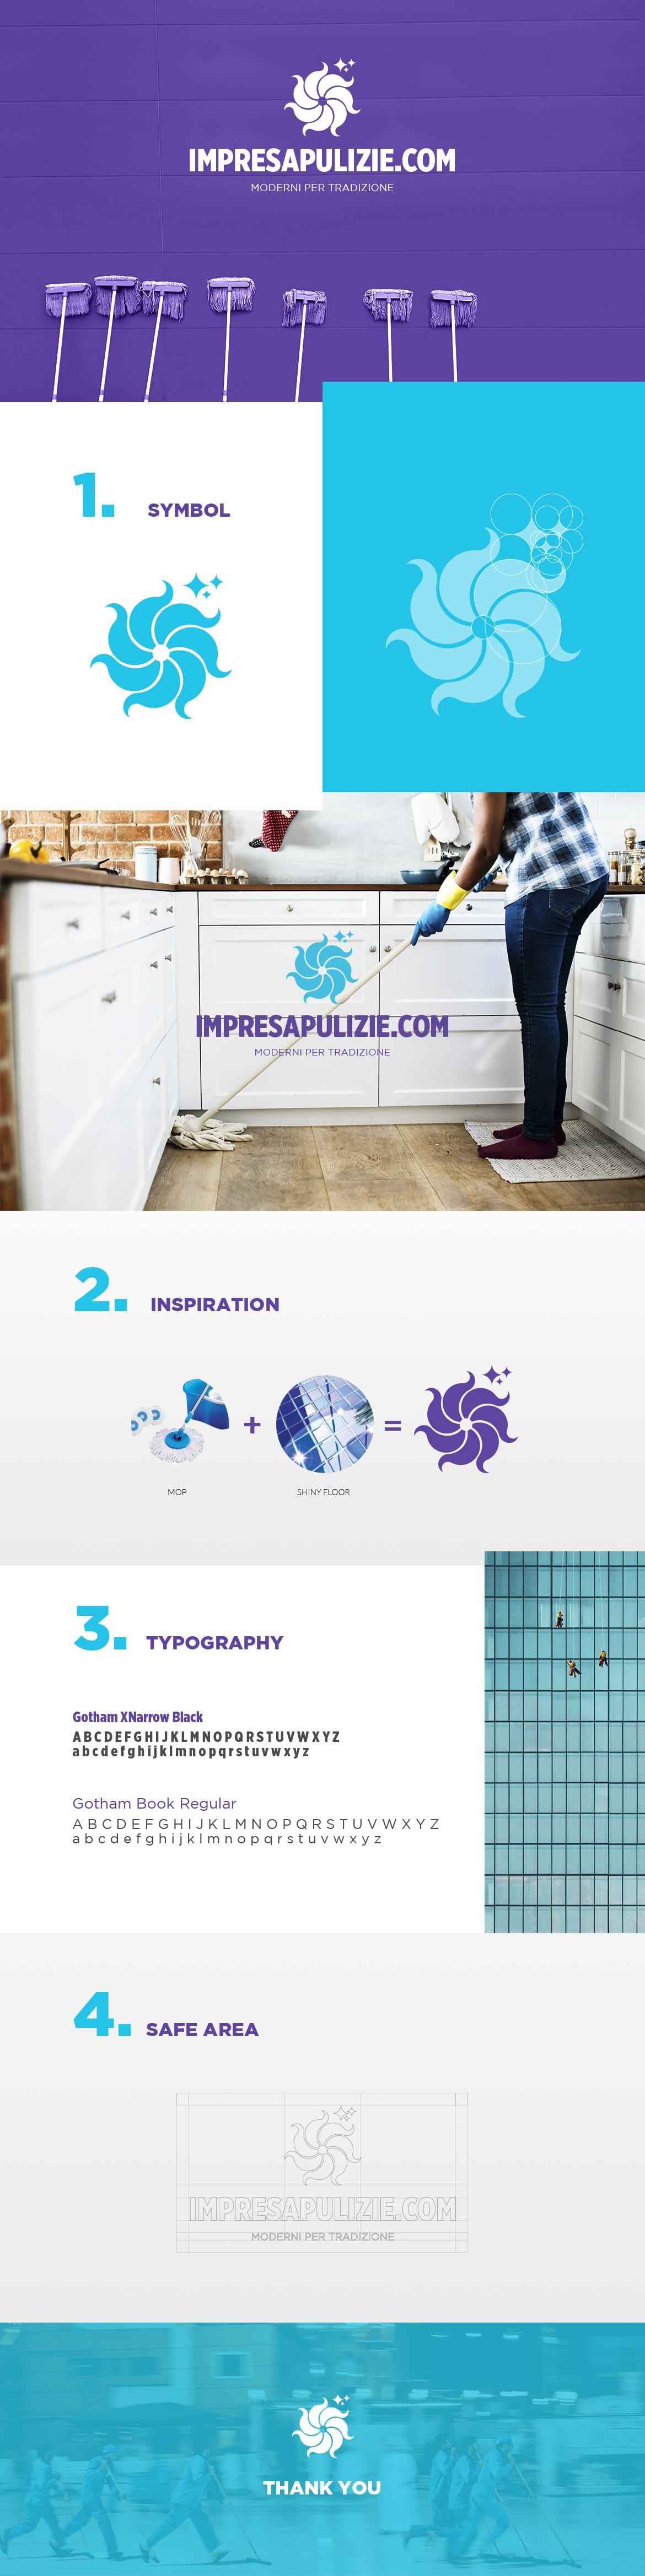 Impresa_branding
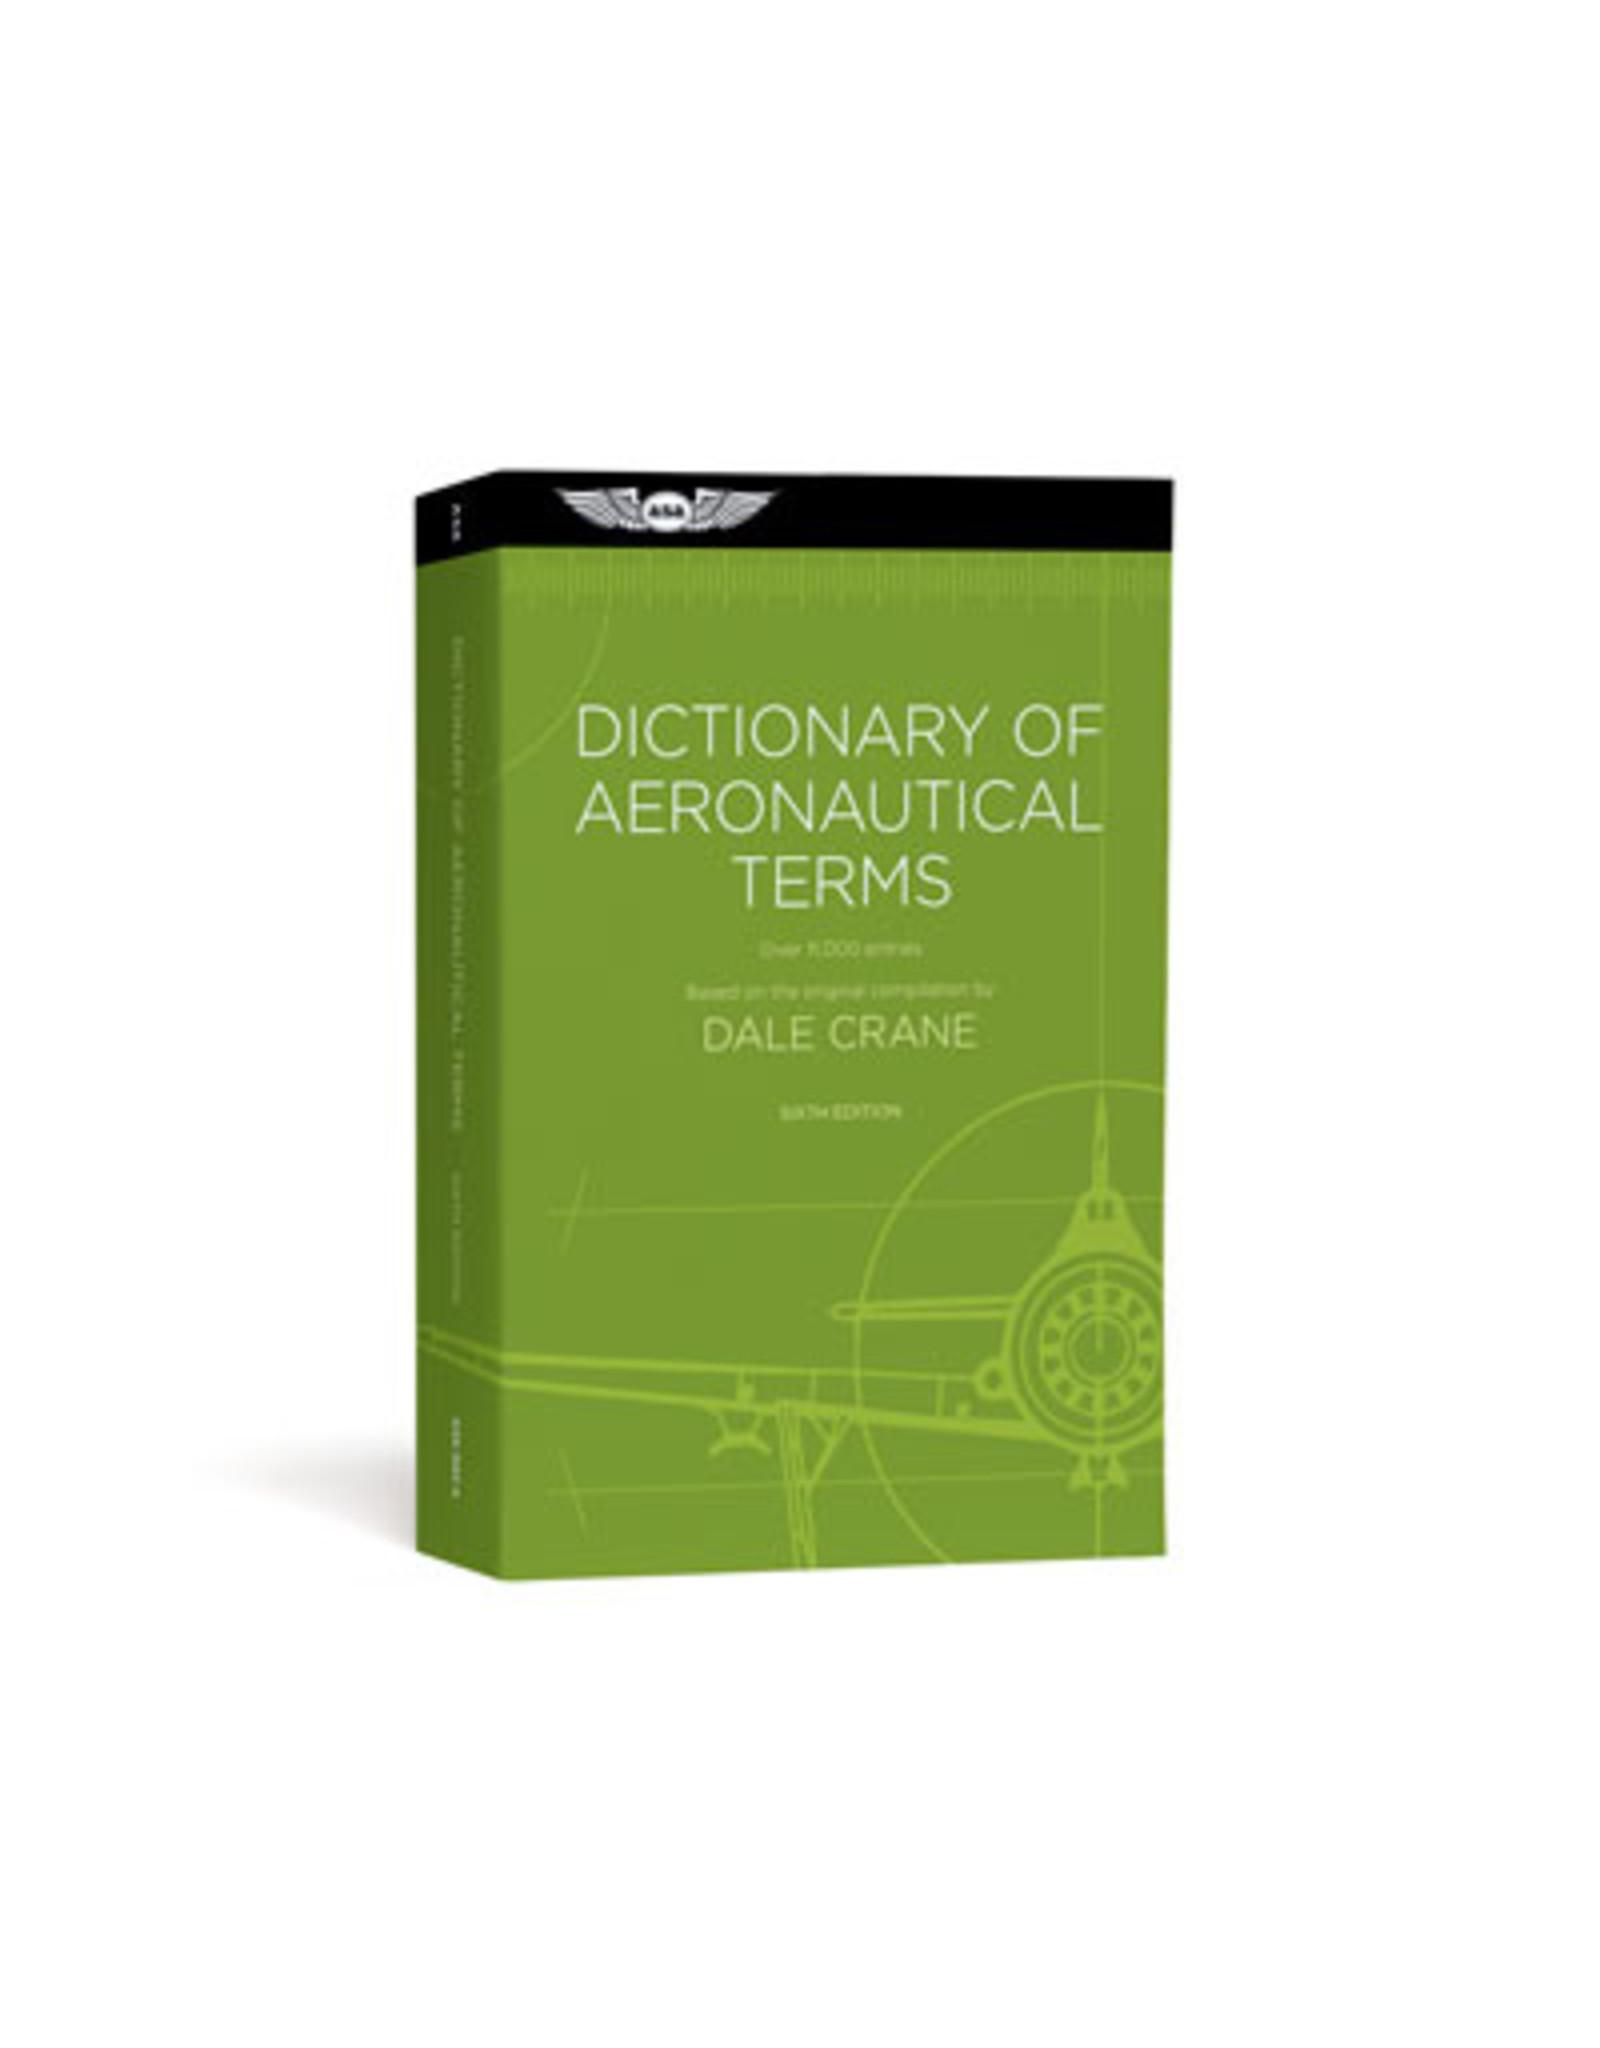 ASA Dictionary of Aeronautical Terms 6th ed
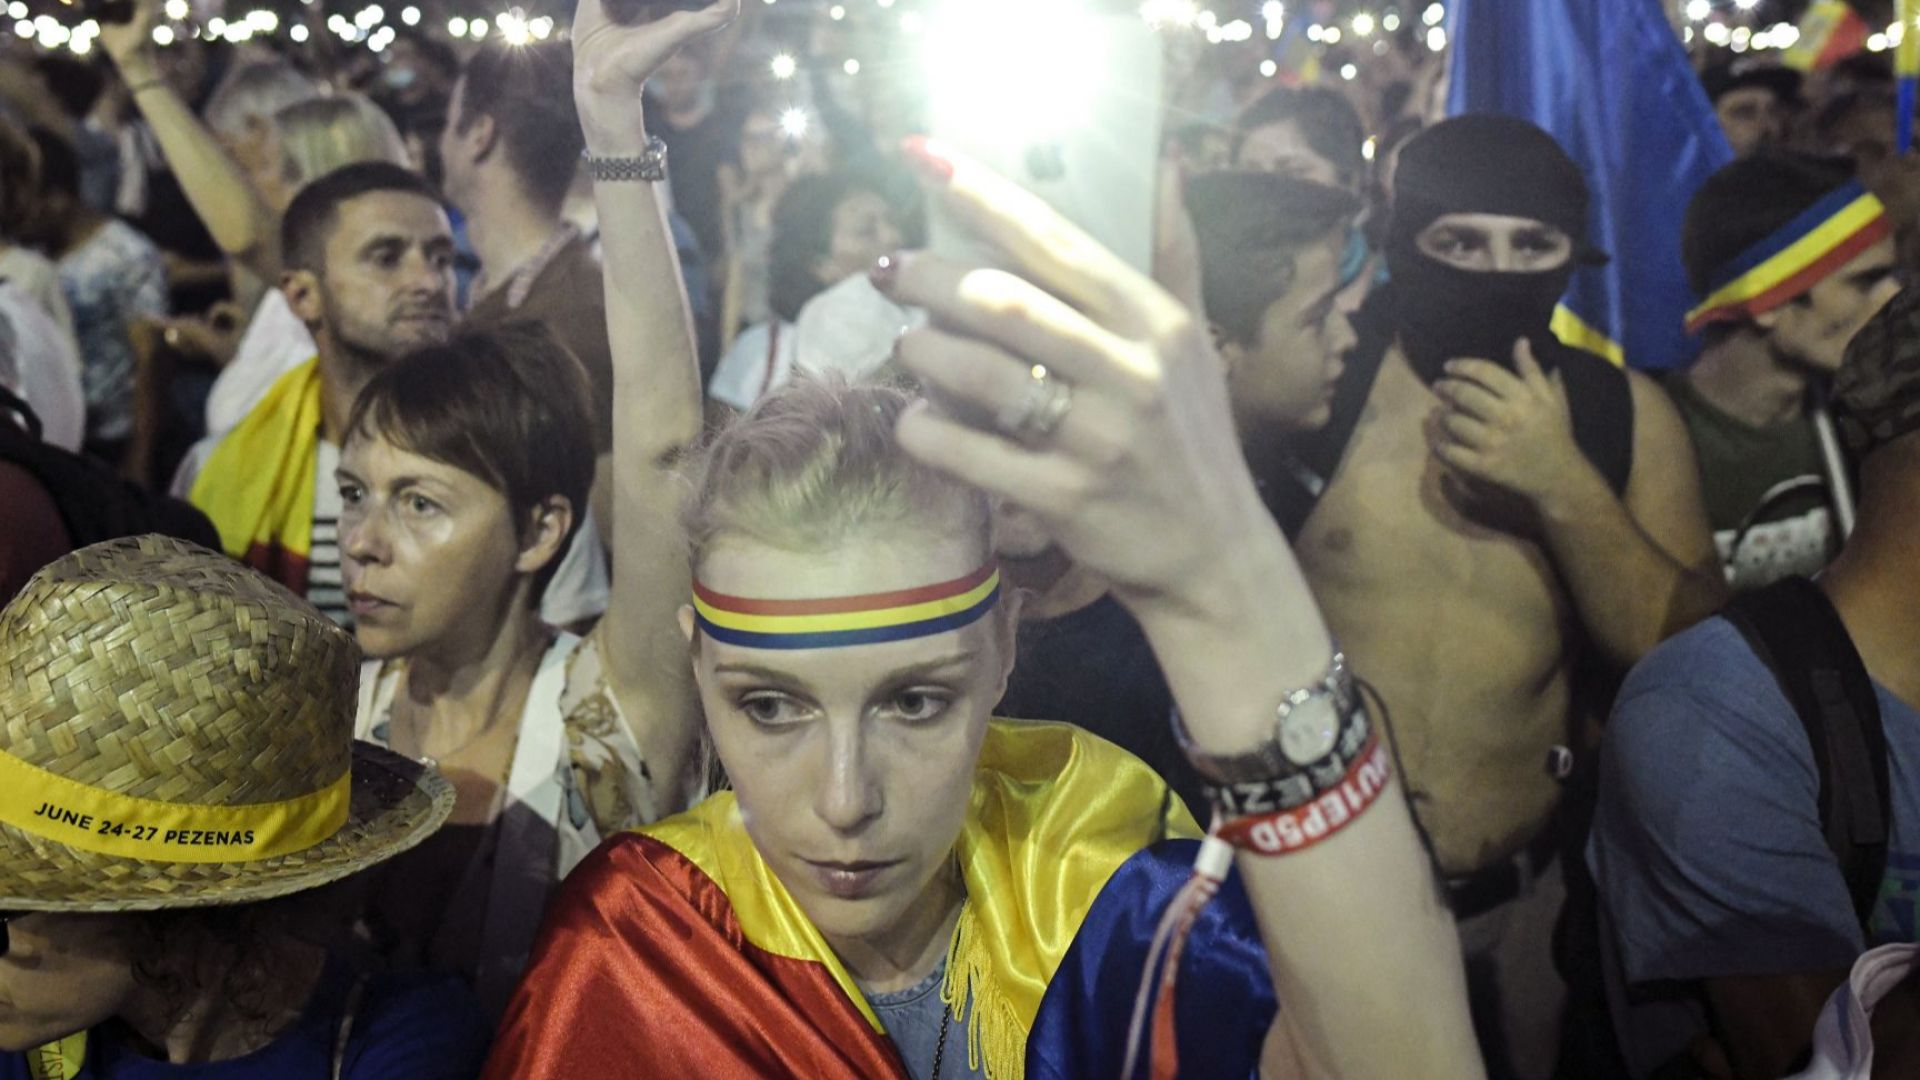 Десетки хиляди румънци скандираха в Букурещ: Долу правителството! Крадци! (снимки)

■ DESCRIPTION OF THE TASK
Every line of the material must be returned exactly; leave the images out.

■ COMPLETED TASK
 Impresa_branding
 ASA Dictionary of Aeronautical Terms 6th ed
 Десетки хиляди румънци скандираха в Букурещ: Долу правителството! Крадци! (снимки)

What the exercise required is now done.